Окончание. Начало в N 26.

Командир отделения 624-го стрелкового полка А.К. Кучинский:

«Пошли мы на сближение с противником. Через рощу вдоль дороги — перебежками дальше, и вдруг по нам ударили пулеметы. Разорвался один снаряд, потом другой. Залегли, пытаемся вести наблюдение, но ничего не видно, да и немецкий пулемет строчит так, что головы не поднять. Решили сменить позицию, выдвинулись на ржаное поле. Окопались. Так день и прошел — перебежки, перестрелки. У меня сохранилась записная книжка: «Первый бой. Из 53 человек нашего взвода в живых осталось 19…»

Маршал Бирюзов, командовавший в тех боях 132-й стрелковой дивизией, вспоминал: «Куда тяжелей пришлось тогда левому соседу — 137-й стрелковой дивизии, на стыке с которой враг наносил главный удар. Здесь бой достиг наивысшего напряжения. Весь район, казалось, был залит кровью и объят пламенем. Горело все: подожженные немцами деревни, подбитые танки, автомашины…»

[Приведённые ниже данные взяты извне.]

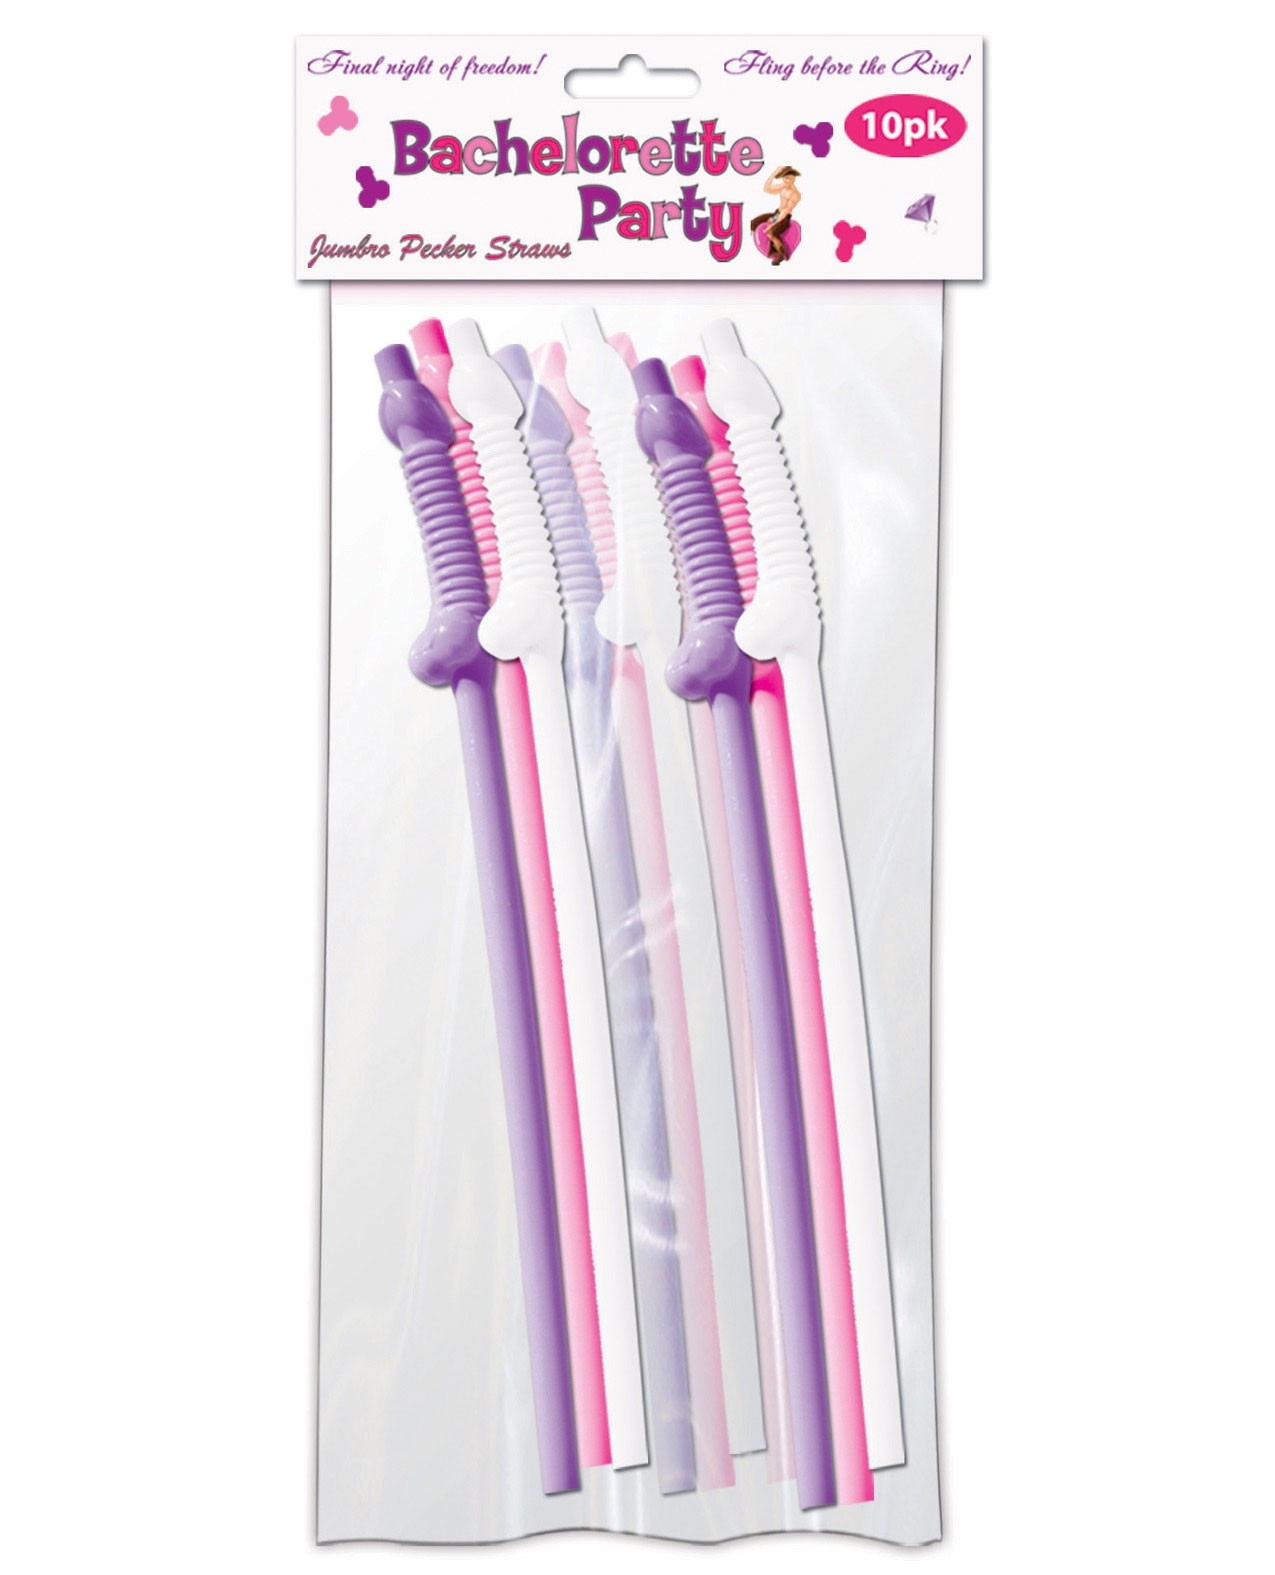 https://www.shopcupids.com/5037-thickbox_default/bachelorette-party-pecker-sipping-straws-assorted-colors-pack-of-10.jpg
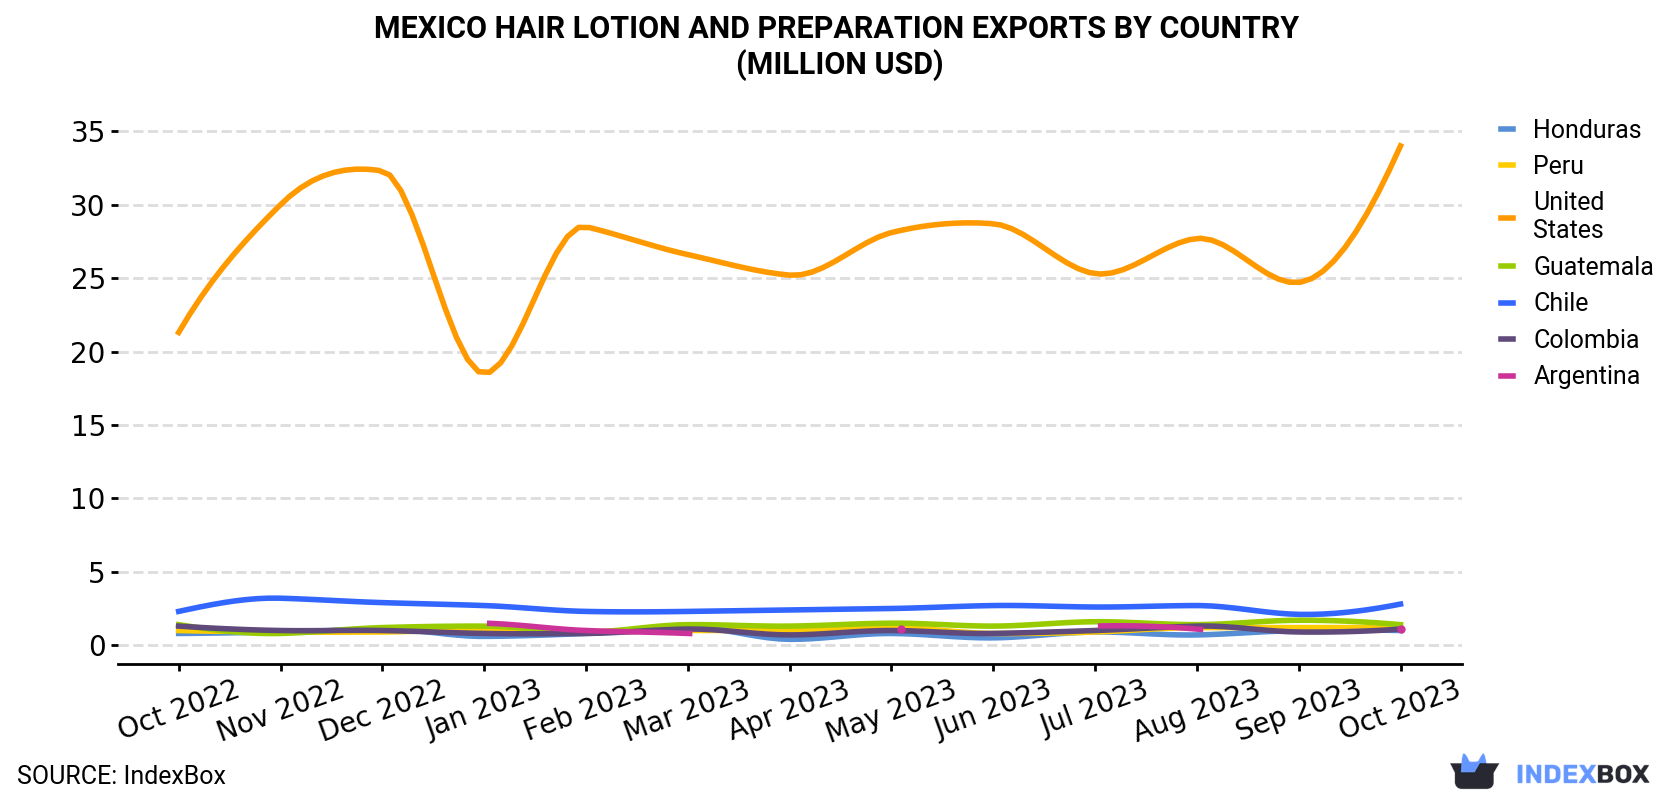 Mexico Hair Lotion and Preparation Exports By Country (Million USD)

В день своего первого боя -13 июля 1941 года — дивизия отбила все атаки противника и не отступила ни на шаг.

Тогда противник усилил давление на фланги, на соседей справа и слева. К ночи гул танковых моторов и грохот орудий был слышен уже в тылу. Прорвав оборону 13-й армии, танки Гудериана устремились по пыльным дорогам на Пропойск (сейчас Славгород) и Чаусы. Так 137-я стрелковая дивизия оказалась в окружении.

ПРОПАВШИЕ БЕЗ ВЕСТИ

Приказа на отход не было, и дивизия продолжала занимать свои позиции. Стало темнеть, когда наши бойцы захватили немецкую автомашину, заехавшую прямо в боевые порядки. Гитлеровцы то ли сбились с дороги, то ли посчитали, что здесь уже не может быть советских войск. При важных пассажирах оказались ценные документы.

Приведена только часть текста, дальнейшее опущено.